Süresi dolmuş bir site sertifikası, trafiğin on ay boyunca kontrol edilmeden geçmesine izin vererek, bir saldırganın tespit edilmeden müşteri bilgilerini sızdırmasına izin verdi. Veriler yüklenmeden önce şifrelenmiş olsaydı, bilgisayar korsanları yalnızca okunamayan şifreli metni açığa çıkarırdı.

Bulut verilerinin şifrelenmesi çok önemlidir, ancak araştırma yapılmazsa kör noktalar oluşturabilir. Araştırmalara göre, saldırıların %80'den fazlası artık şifreli kanallar üzerinden gerçekleşiyor. Kırmızı bayraklar, inceleme teknikleriyle ağ trafiğinin şifresini çözerek, inceleyerek ve görünürlük elde ederek belirlenebilir.

Devam Eden Bulut Yolculukları, Şifrelemeye Daha Yakından Dikkat Edilmesini Gerektirir

Şirketler bulut yatırımlarını hızlandırıyor, ancak yaklaşık on kişiden yedisi (%68) bulut girişimlerini tamamlanmamış olarak görmeye devam ediyor. Bir uygulamayı şirket içi bir sunucudan bir bulut hizmetine taşıma gibi kolay meyveyi seçtikten sonra, artık daha sofistike ve iş açısından kritik bir altyapıyı aktarıyorlar, ancak bunun veri güvenliği üzerindeki etkilerinin boyutunu henüz kavramış değiller. .

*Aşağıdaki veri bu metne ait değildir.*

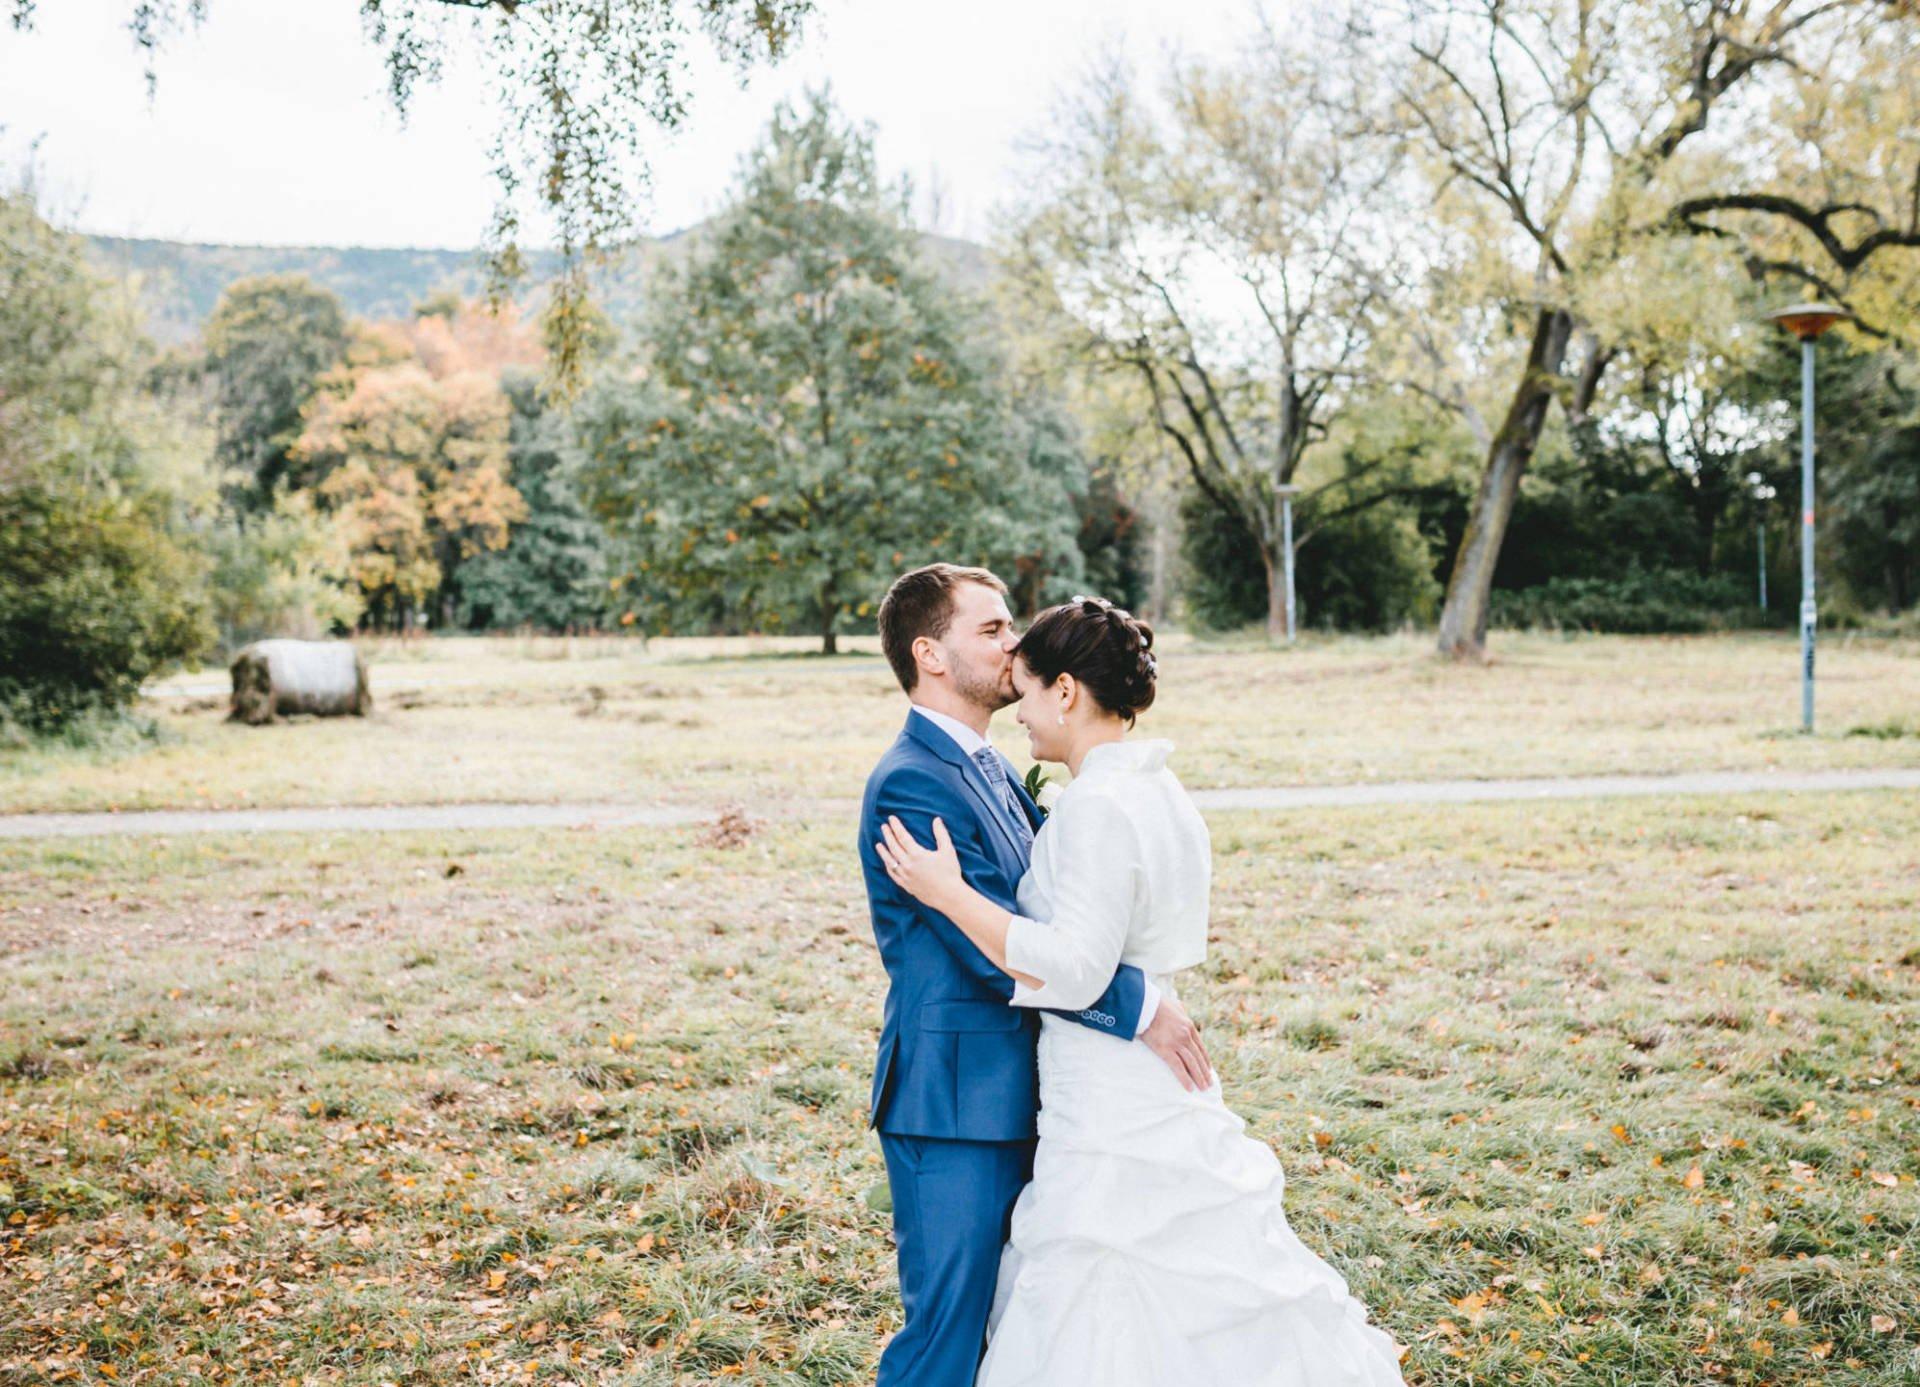 Hochzeitsreportage | Hochzeit im Paradies Jena | 5
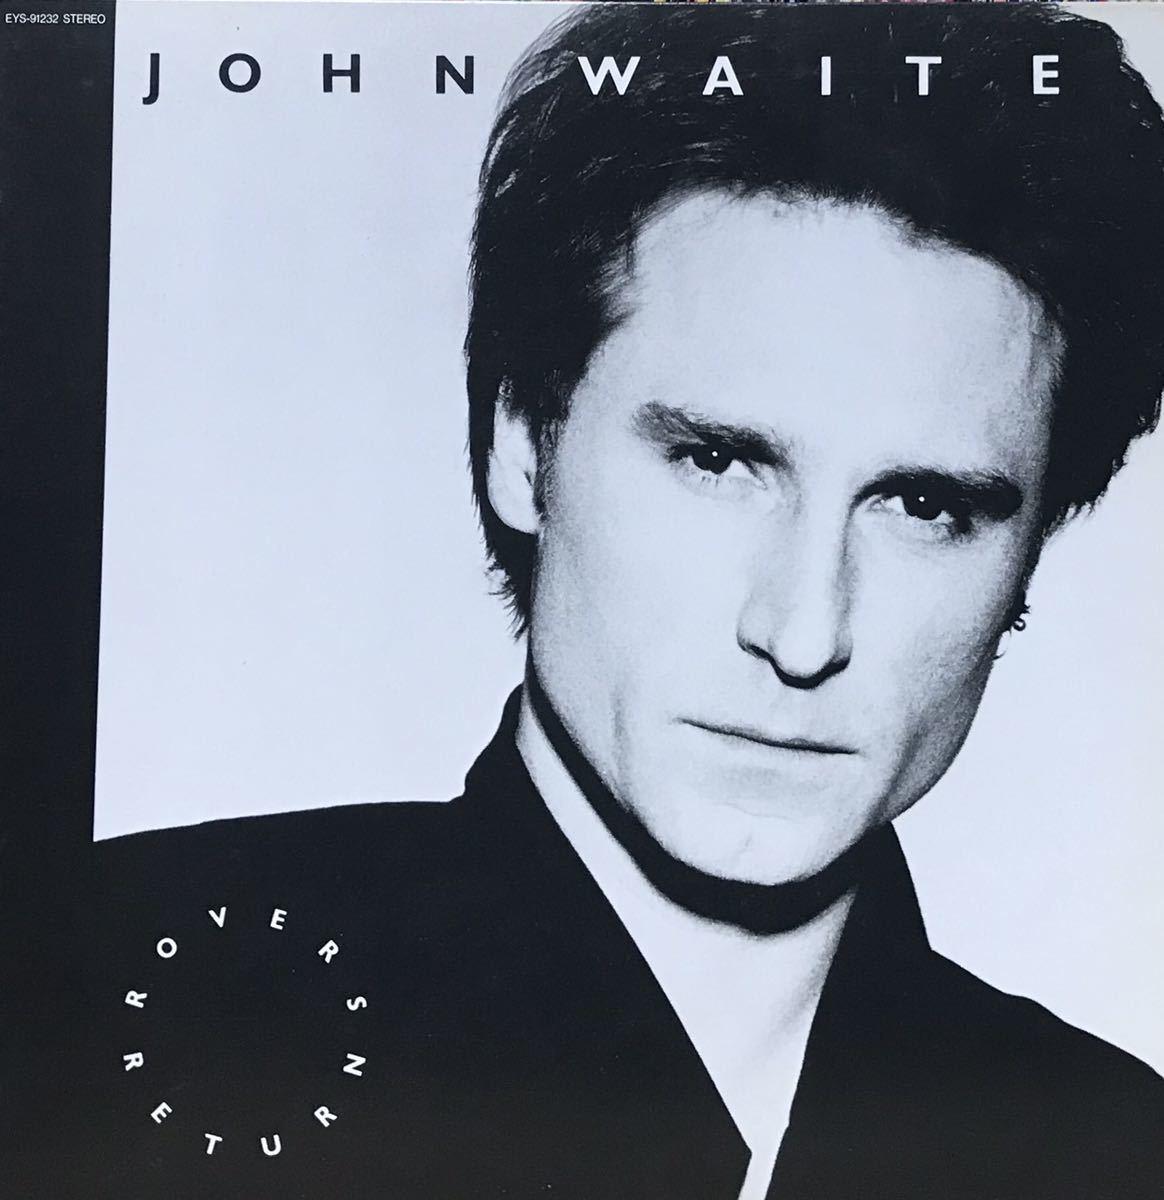 見本盤 JOHN WAITE / ROVER'S RETURN アルバム 12inchサイズのレコード その他にもプロモーション盤 レア盤 人気レコード 多数出品中_画像1

Birkaç en iyi şifreleme uygulaması, kuruluşların günümüzün güvenlik ihtiyaçlarını anlamalarına yardımcı olabilir:

  • Şifreleme ve şifre çözme için hizmet ettikleri verilerle birlikte şifreleme anahtarlarını saklamaktan kaçının. Harici Anahtar Yönetimi (EKM) olarak da adlandırılan Kendi KMS'nizi Getirin (BYOKMS), mümkün olan en yüksek düzeyde bulut şifreleme güvenliği sunar.
  • Şifreleme anahtarlarını depolayan yazılım çözümleri, çeşitli altyapı düzeylerinde bozulabilir veya yanlışlıkla açığa çıkabilir. Anahtarları depolamak için donanım güvenlik modülü (HSM) gibi donanım liderliğindeki güvenilir bir uygulama ayarı kurun.
  • Çoklu bulut stratejisi izleyen çoğu kuruluşta, her bir bulut dağıtımı için ayrı ilkelere, denetim süreçlerine ve bireyselleştirilmiş güvenlik önlemlerine sahip olmak, riski ve maliyetleri artırır. Tüm genel bulut veya SaaS şifrelemesi için anahtar yönetiminin merkezileştirilmesi önerilen bir en iyi uygulamadır.
  • Hassas verilerle çalışan uygulamaların şirket içinde geliştirilmesi için gizli bilişimi kullanın. Burada uygulamalar, donanım tarafından yönlendirilen güvenli yürütme ayarlarında çalışır. Uygulama henüz tam olarak test edilmediğinden, bu tür senaryolarda buluttan yararlanmaktan kaçının.

Sarma

Bulut veri ihlalleri, günümüzün giderek hiper bağlantılı hale gelen dijital dünyasında kaçınılmaz bir gerçektir. Sıfır gün tehditleri nedeniyle bu saldırıları engellemek her zaman mümkün olmayabilir. Ancak, verilerinizi buluta taşımadan önce şifreleyerek koruyabilirsiniz. Kuruluşların ayrıca, özellikle bulutta yerel kuruluşlara yönelik güvenli erişim hizmeti ucu (SASE) gibi yeni ortaya çıkan güvenlik çözümleri aracılığıyla bulut içindeki iş yükü korumasına da dikkat etmesi gerekir.